### THE DATA:
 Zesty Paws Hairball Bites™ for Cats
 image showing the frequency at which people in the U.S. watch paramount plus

* * *

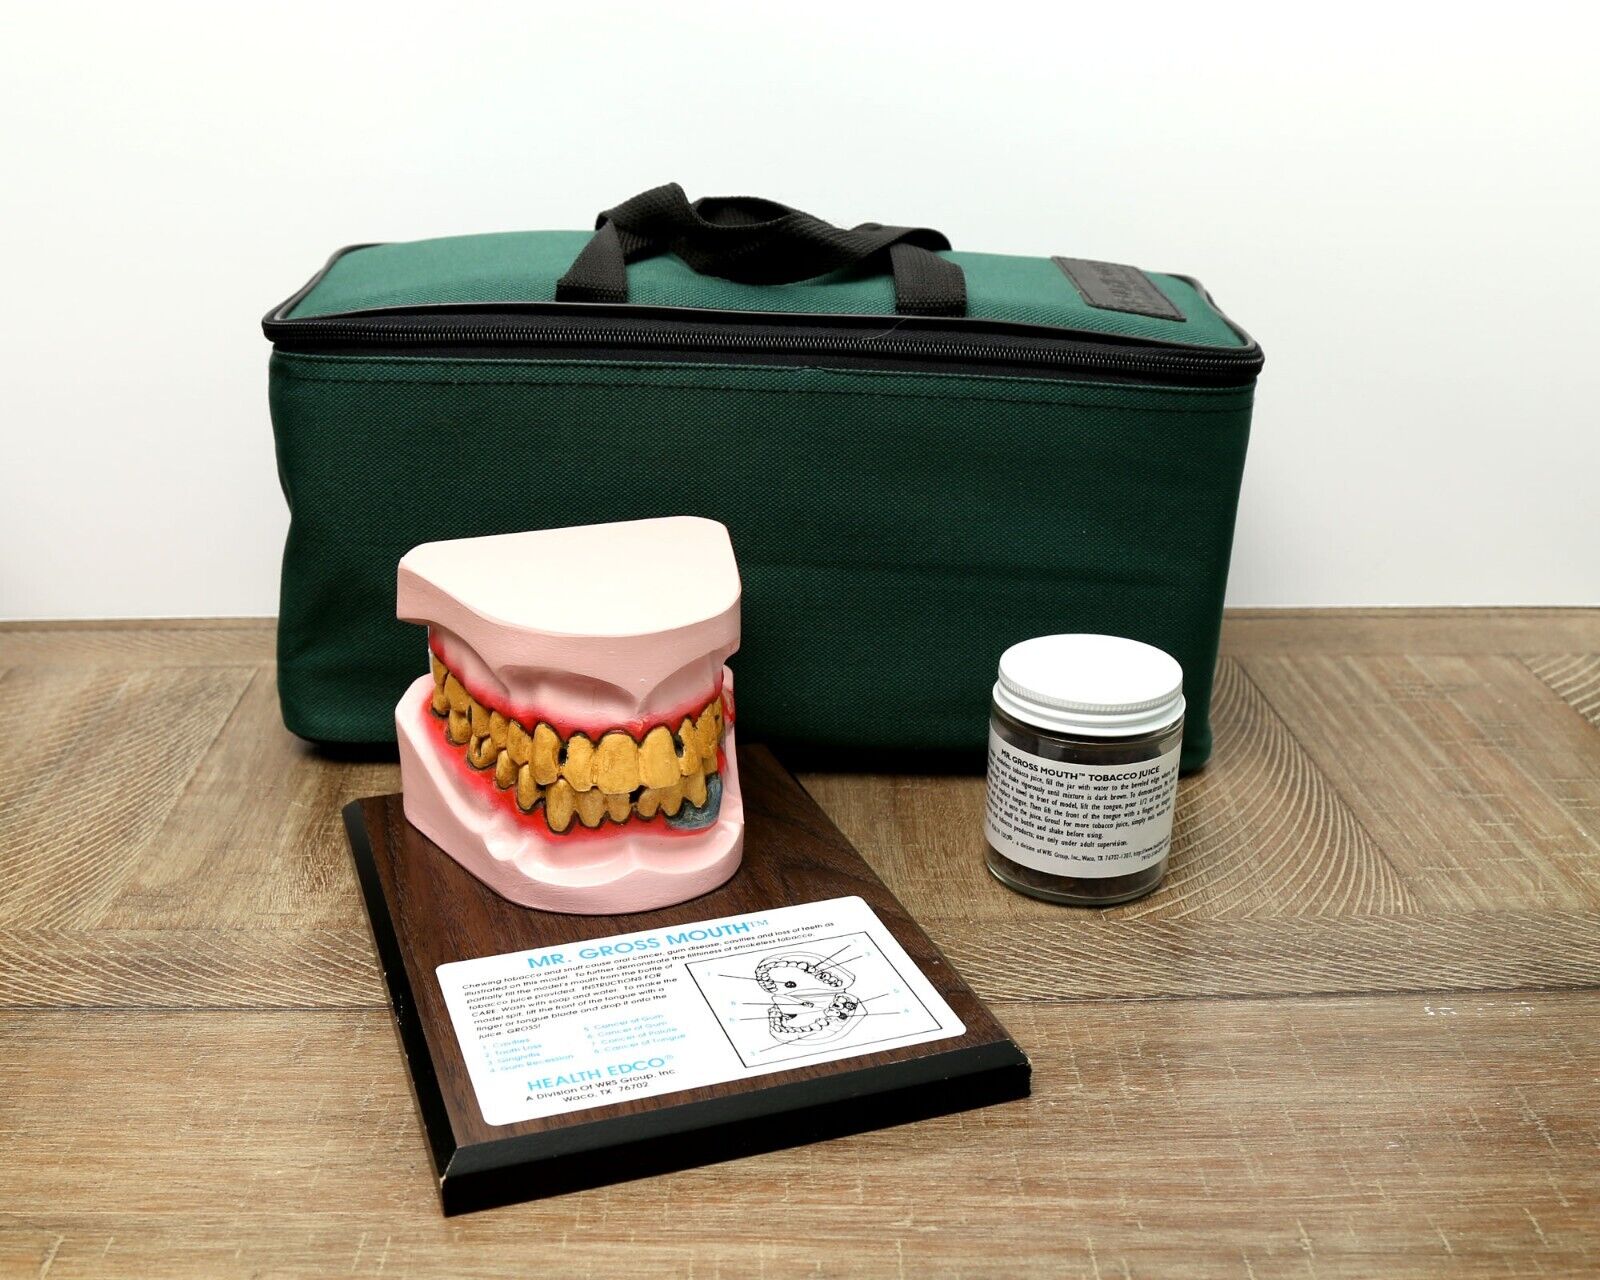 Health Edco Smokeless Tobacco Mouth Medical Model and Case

...

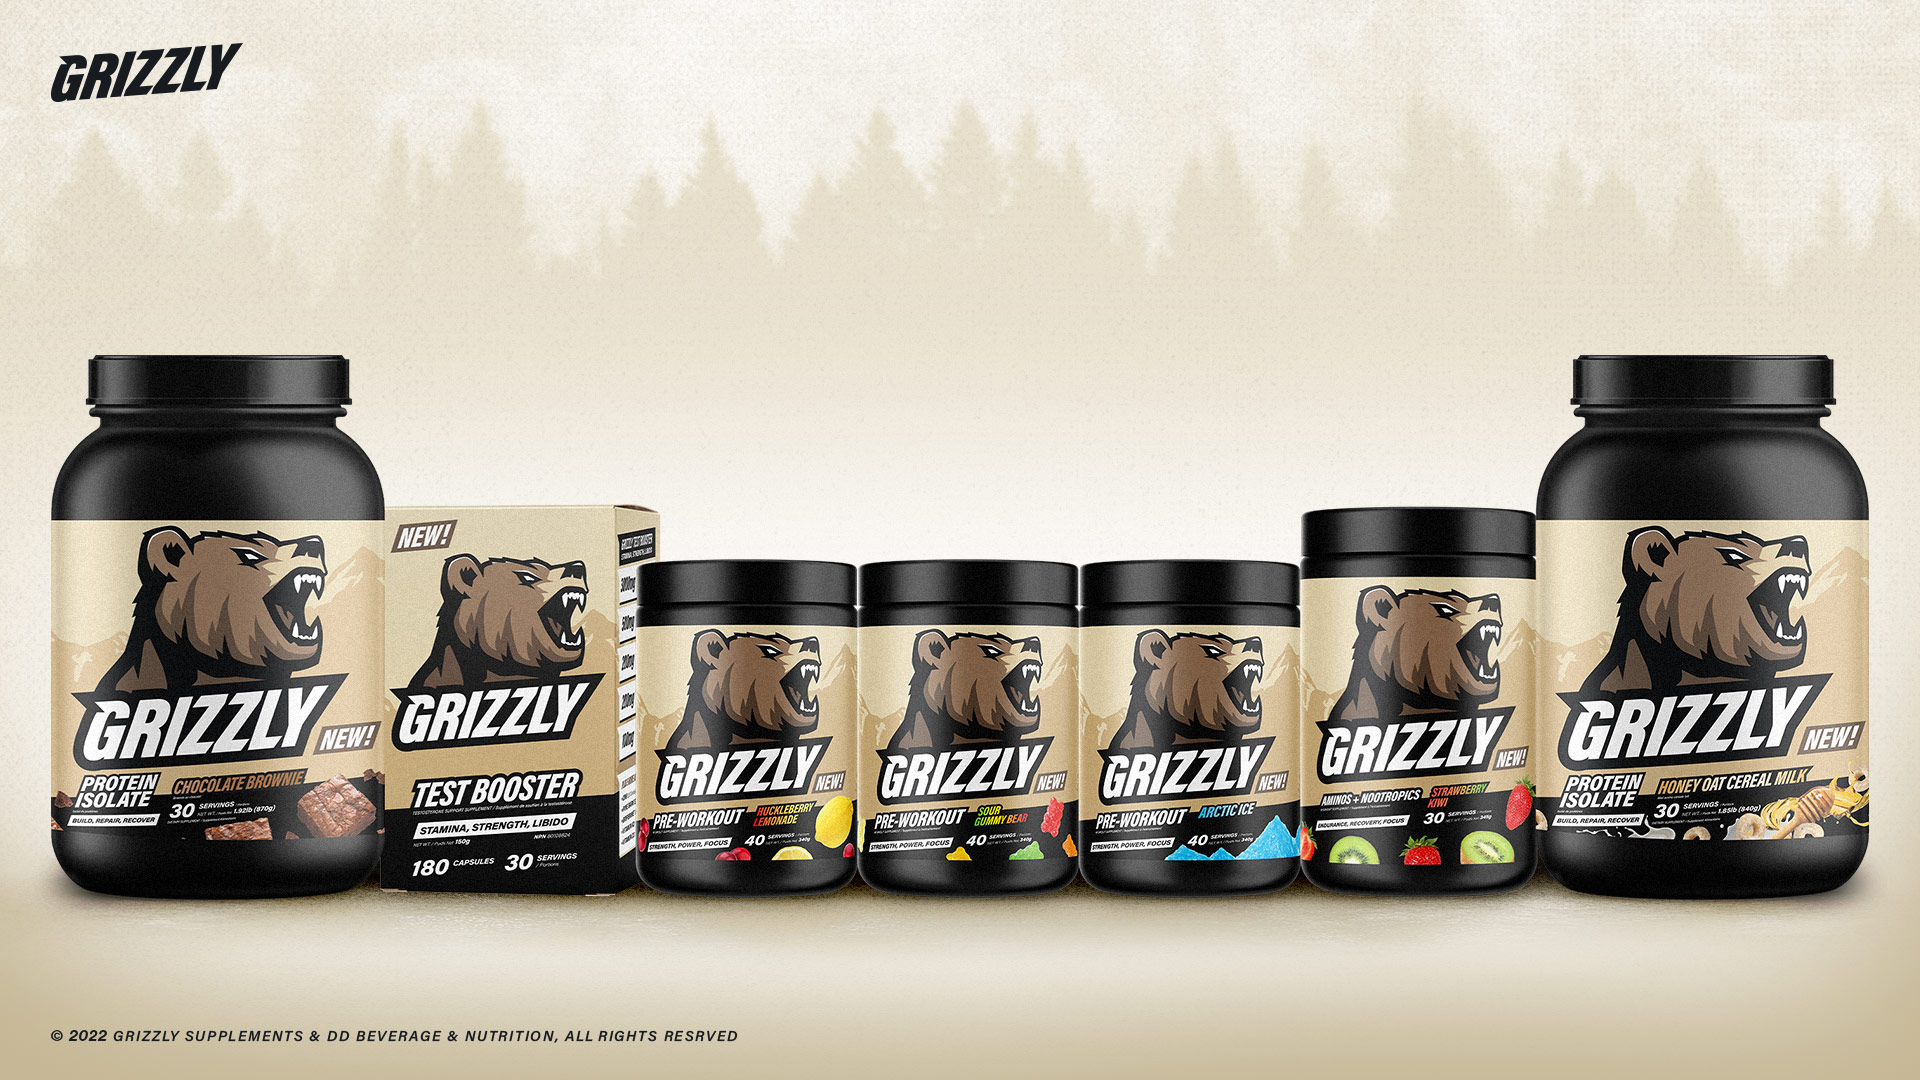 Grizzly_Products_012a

### TASK TO CARRY OUT:
Lines to set down from above: the line with "Zesty Paws Hairball Bites™ for Cats", the line with "image showing the", and every line between, each exactly as written.

### EXERCISE SOLUTION:
 Zesty Paws Hairball Bites™ for Cats
 image showing the frequency at which people in the U.S. watch paramount plus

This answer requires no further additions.